| WHAT TO WORK ON |
Without pictures, return the lines from the one containing "Miere Eco Melina" through the last line of the data below, exactly.

| GIVEN DATA |
● ● ● ● ●
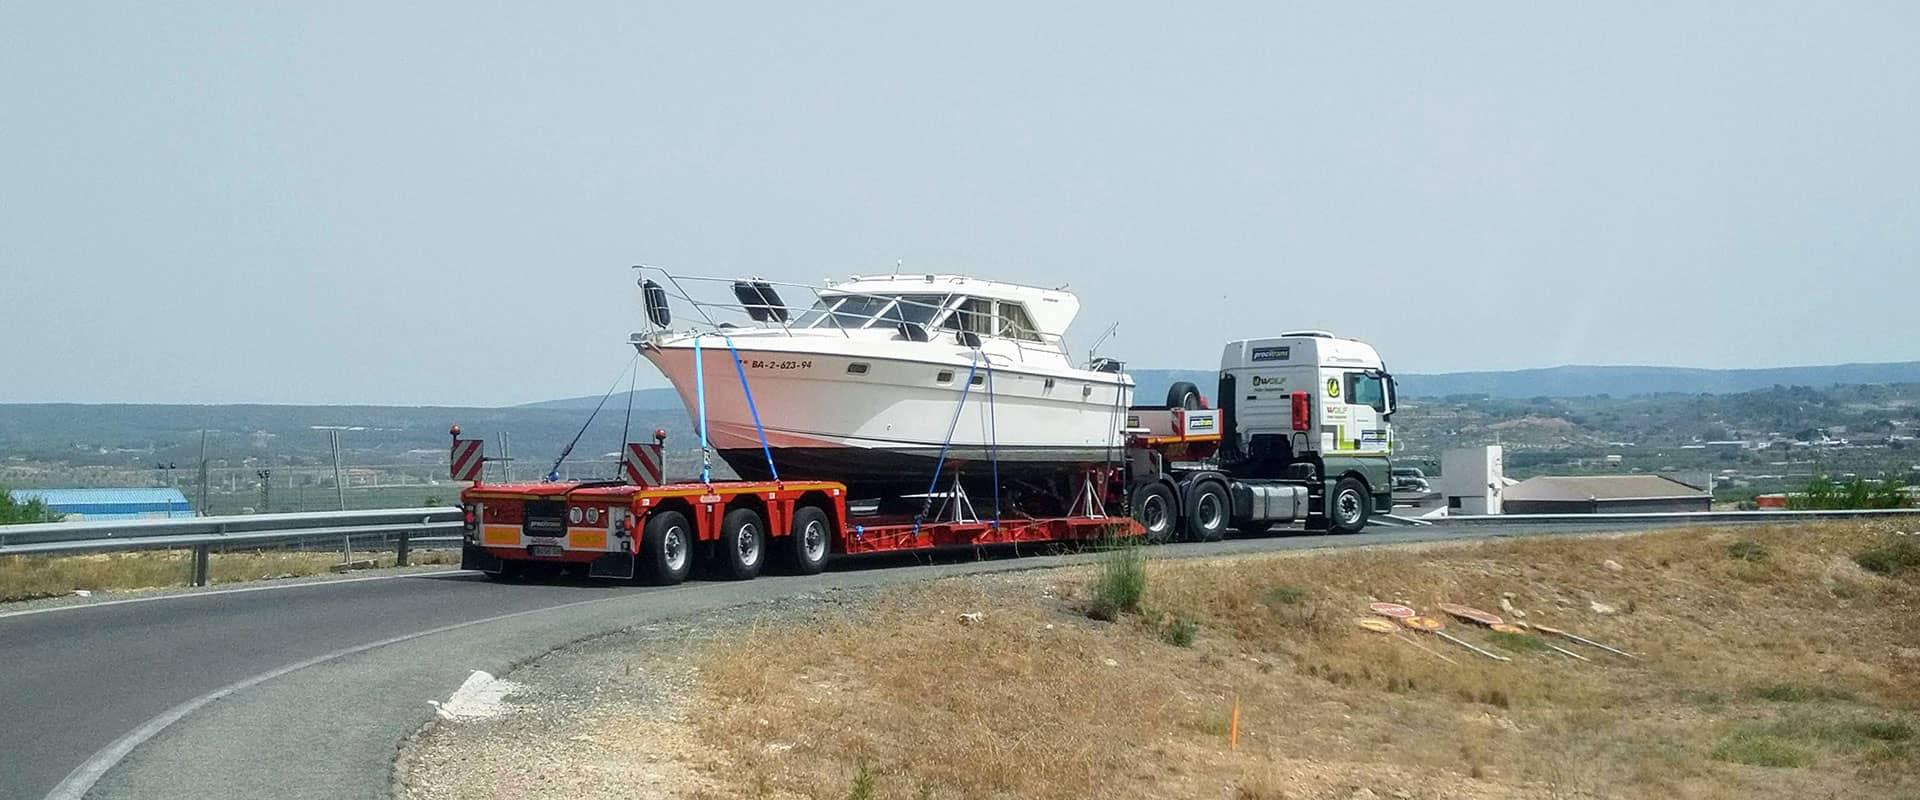 heavy equipment transport Procitrans 1
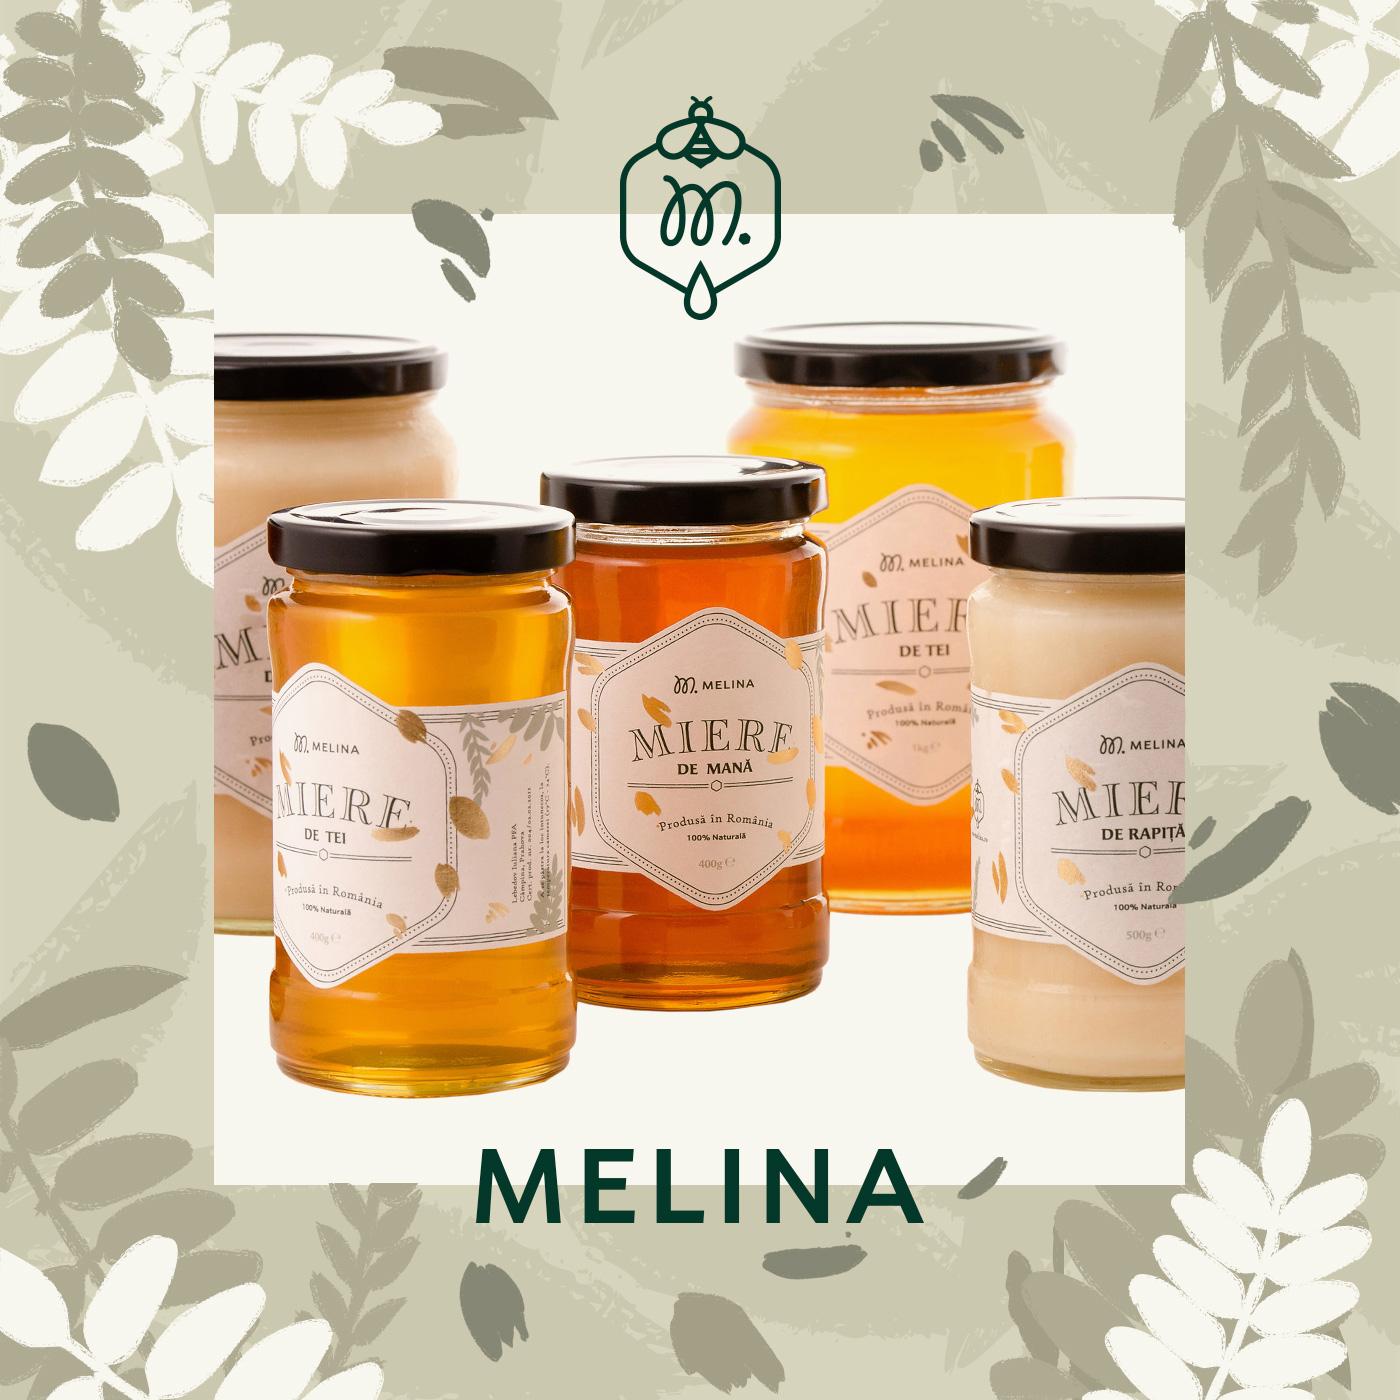 Miere Eco Melina
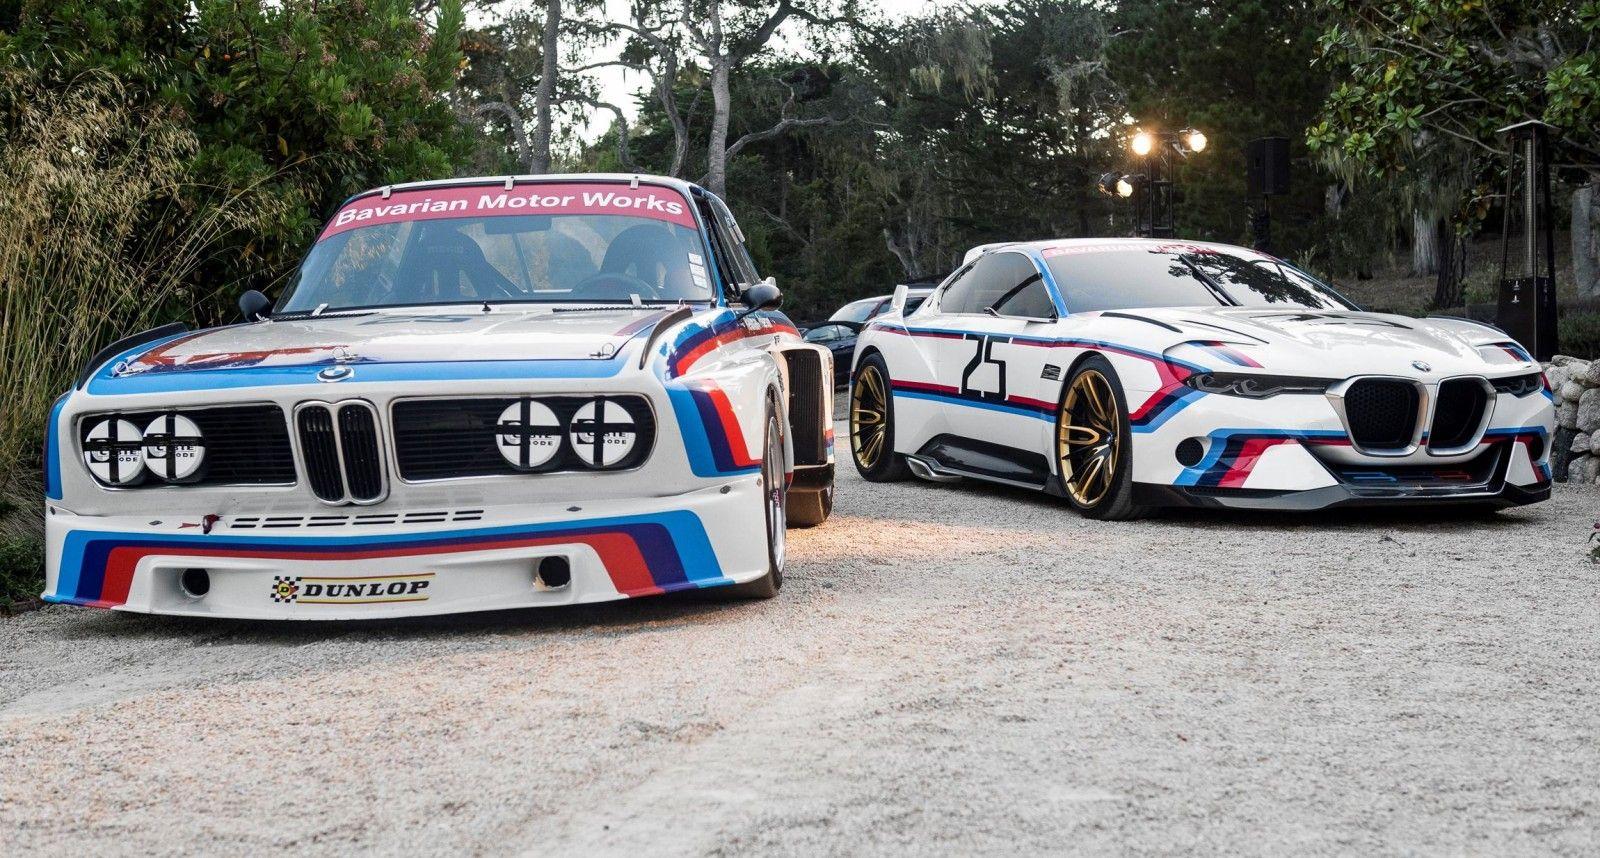 2015 Bmw 3 0 Csl Hommage R Concept Bmw 3 0 Csl Bmw Classic Cars Bmw
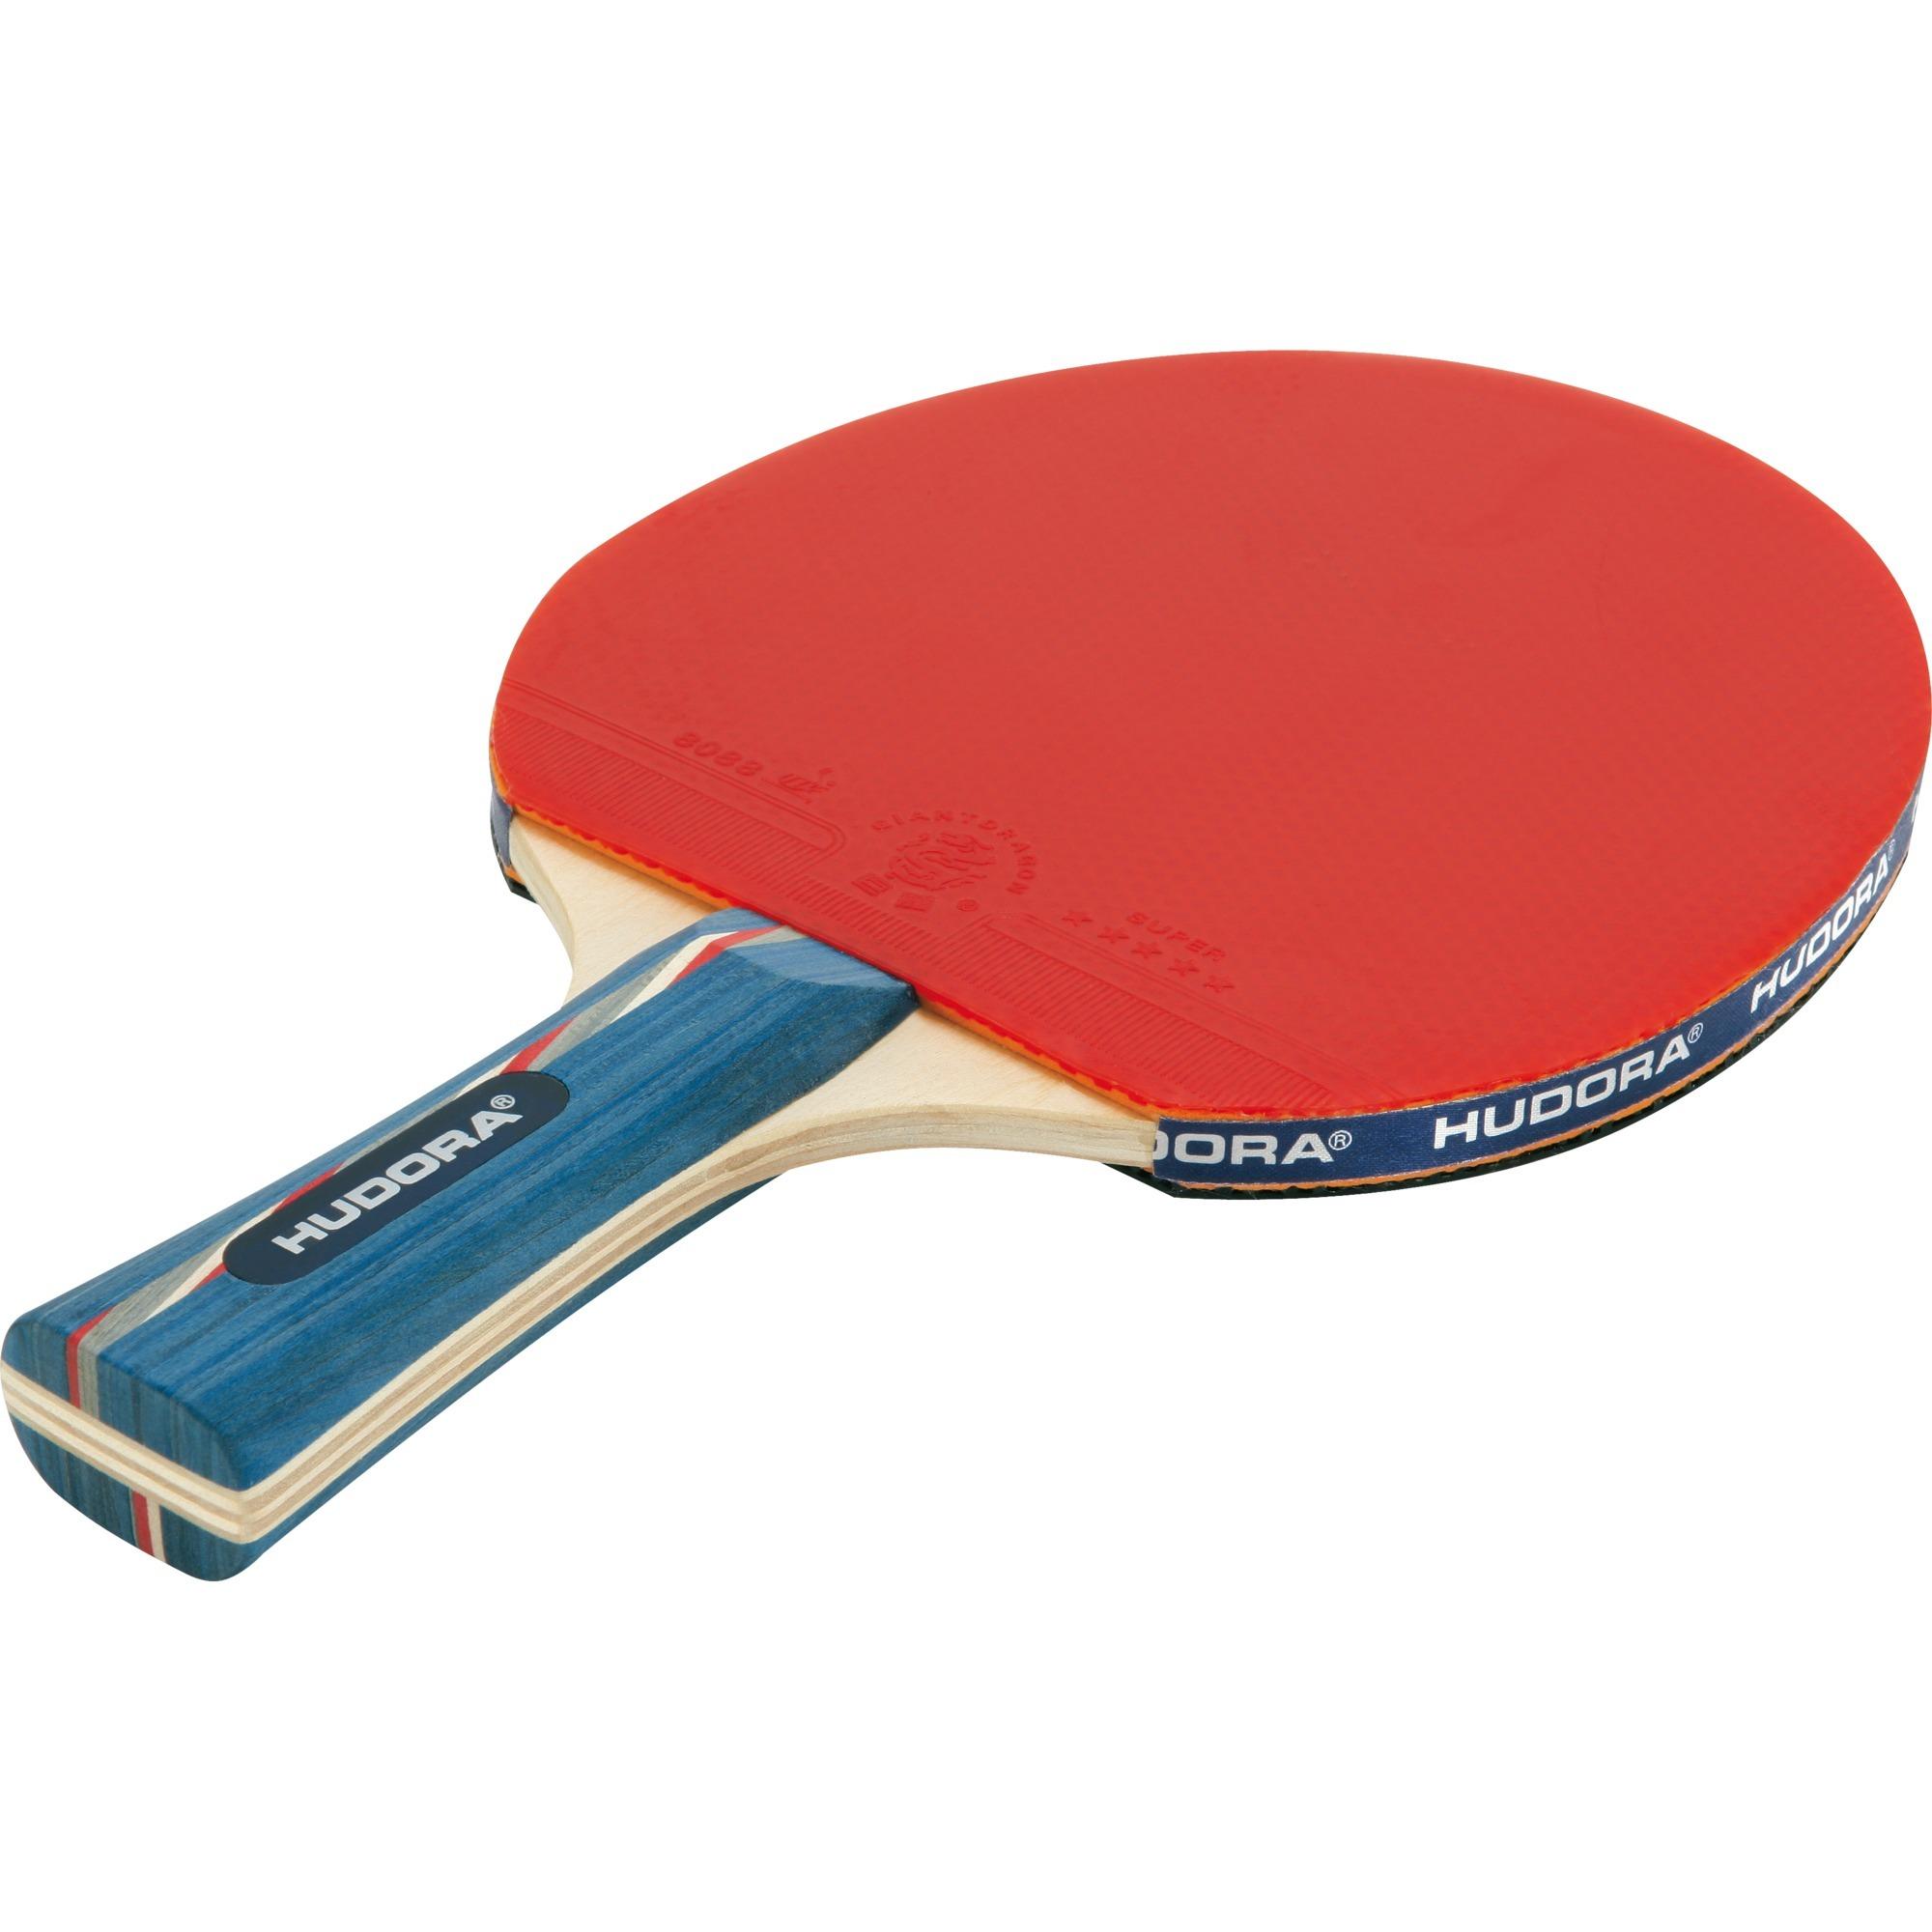 76266 raqueta para tenis de mesa Azul, Rojo Espuma, Madera 1 pieza(s), Aparato para fitness
● ● ● ● ●
| EXERCISE RESULT |
 Miere Eco Melina
 2015 Bmw 3 0 Csl Hommage R Concept Bmw 3 0 Csl Bmw Classic Cars Bmw
 76266 raqueta para tenis de mesa Azul, Rojo Espuma, Madera 1 pieza(s), Aparato para fitness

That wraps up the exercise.